Anna Clark (born October 19, 1966, in San Francisco, California) is an American model and actress. She was chosen as Playboy's Playmate of the month for April 1987.

May

Kymberly Paige (born April 6, 1966, in Newport Beach, California) is an American model and actress. She was chosen as Playboy's Playmate of the month for May 1987.

June

Sandy Elizabeth Greenberg (also known as Sondra Greenberg) (born  July 22, 1958, in Spokane, Washington) is an American model and actress. She was chosen as Playboy's Playmate of the Month for June 1987. She lived in St. Louis, Missouri when she became Playmate of the Month.
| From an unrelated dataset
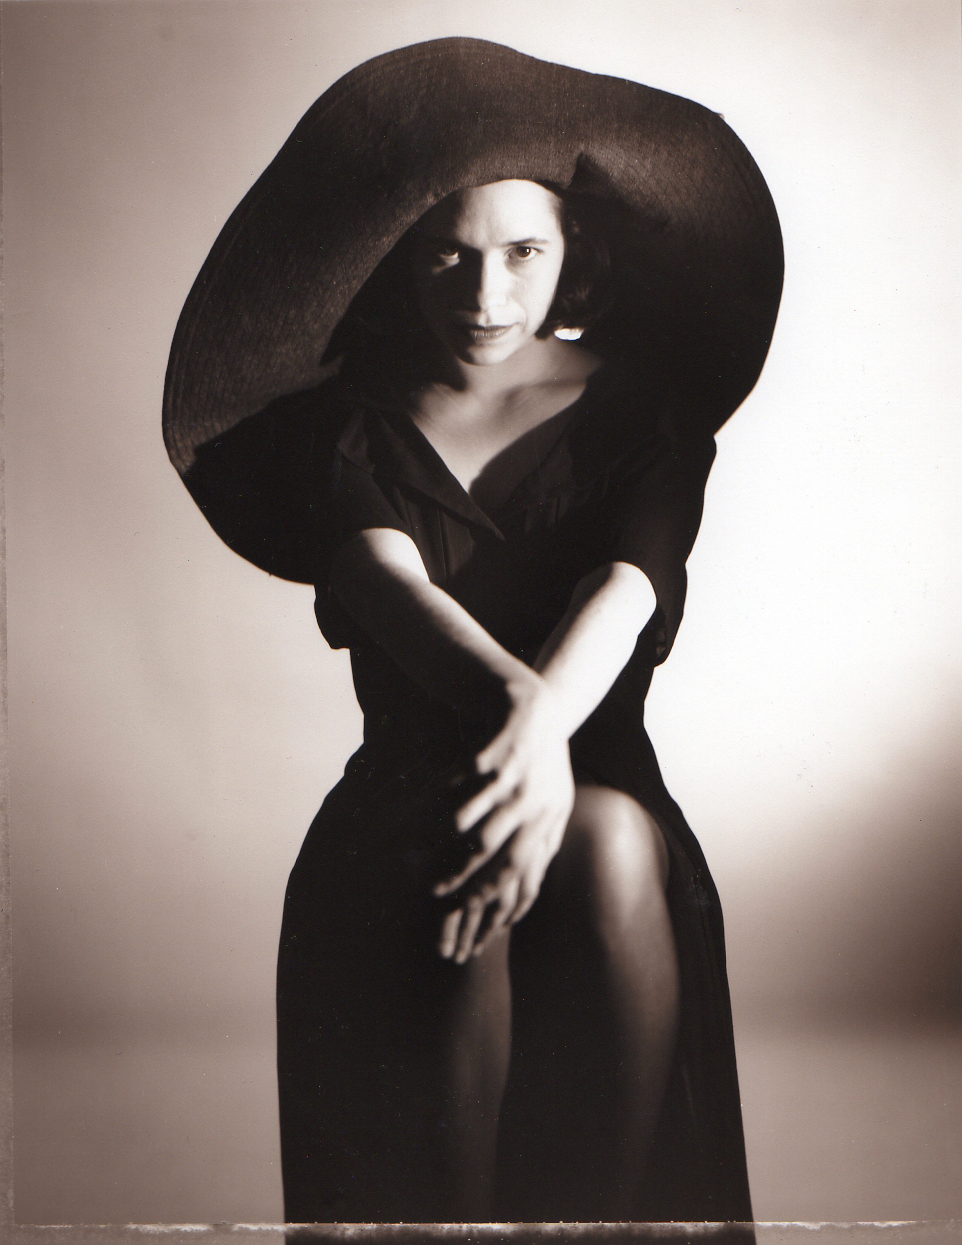 Natalie Merchant Rolling Stone Photo, Frank Ockenfels

She was also featured in a "Maxine Legroom" pictorial in January of that year, a parody of TV's Max Headroom.

July

Carmen Berg (born August 17, 1963) is an American model and actress. She was chosen as Playboy's Playmate of the Month for July 1987. She is currently a real estate agent in Southern California.

August

Sharry Konopski (born December 2, 1967, in Longview, Washington – August 25, 2017) was an American model and actress. She was chosen as Playboys Playmate of the Month for August 1987 and appeared in numerous Playboy videos.

September

Gwen Hajek (born November 18, 1966, in Shreveport, Louisiana) is an American model and actress. She was chosen as Playboys Playmate of the Month for September 1987.

October

Brandi Brandt (born November 2, 1968, in Santa Clara, California) is an American model and actress, who was Playboy's Playmate of the Month for October 1987.  She was the cover model for the August 1989 issue of Playboy and shared the cover of the March 1990 issue with Donald Trump.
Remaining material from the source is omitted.